The updated energy standard for buildings includes big revisions to building envelope, lighting and mechanical appliance requirements. The changes make the 2013 update 40% to 50% more stringent than the 2004 version, according to ASHRAE, which recently published the standard.

ANSI/ASHRAE/IES Standard 90.1-2013, Energy Standard for Buildings Except Low-Rise Residential Buildings, incorporates 110 addenda that reflect changes to the 2010 energy standard.

The prescriptive window-to-wall ratio remains 40%, but stricter fenestration provisions require double-glazed windows in many climates and establish a minimum visible-transmittance/solar-heat-gain-coefficient ratio to allow daylighting with minimal solar gain.

Minimum efficiencies are increased for chillers, heat pumps and air conditioners and included for fans for the first time.

In lighting, "the focus in the 2013 standard was not just on lowering interior lighting power densities but on finding ways to achieve savings by adding more controls and daylighting requirements," says Rita Harrold, director of technology for the Illuminating Engineering Society of North America (IES), which codeveloped the standard. A result is more stringent space-by-space lighting-power-density limits and thresholds for top lighting.

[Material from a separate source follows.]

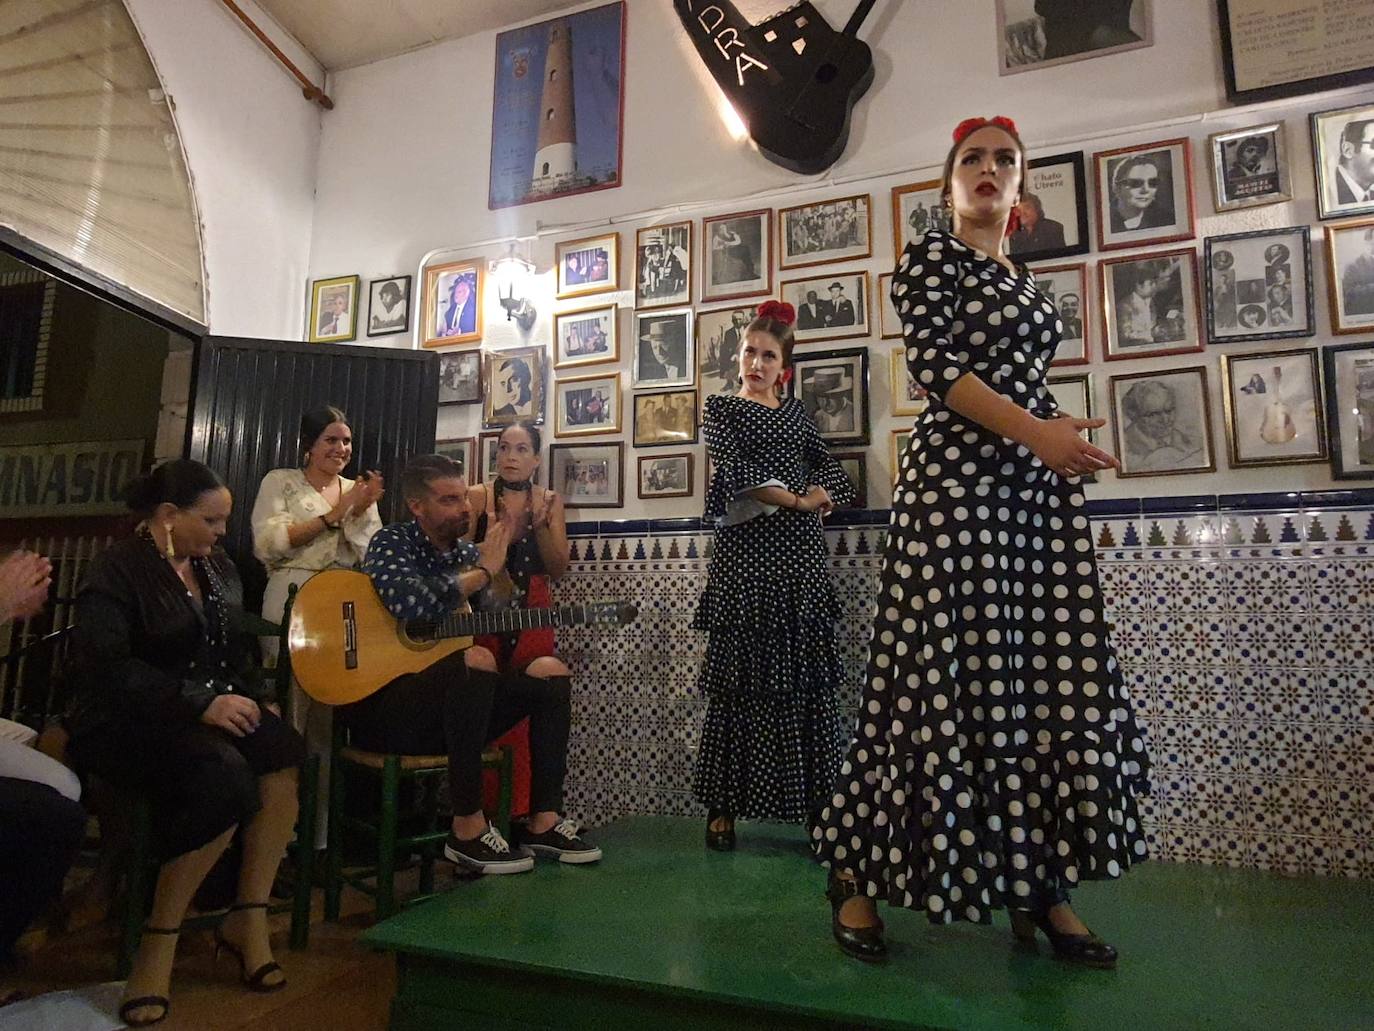 La peña Adra La Torre organiza una 'zambombá' flamenca con cante, baile, mantecados y castañas

Standard 90.1 acts as a benchmark for commercial building energy codes and can apply to all but low-rise residential buildings. It will likely take a few years to become widely used: ASHRAE 90.1-2010 is referenced in the LEED version 4 green-building rating system, which comes out next month, and 90.1-2007 and 90.1-2004 are still commonly used in local codes. Only eight states use the 2010 version; 34 states use the 2007 version. ASHRAE expects to see some 2013 update adoptions in 2016.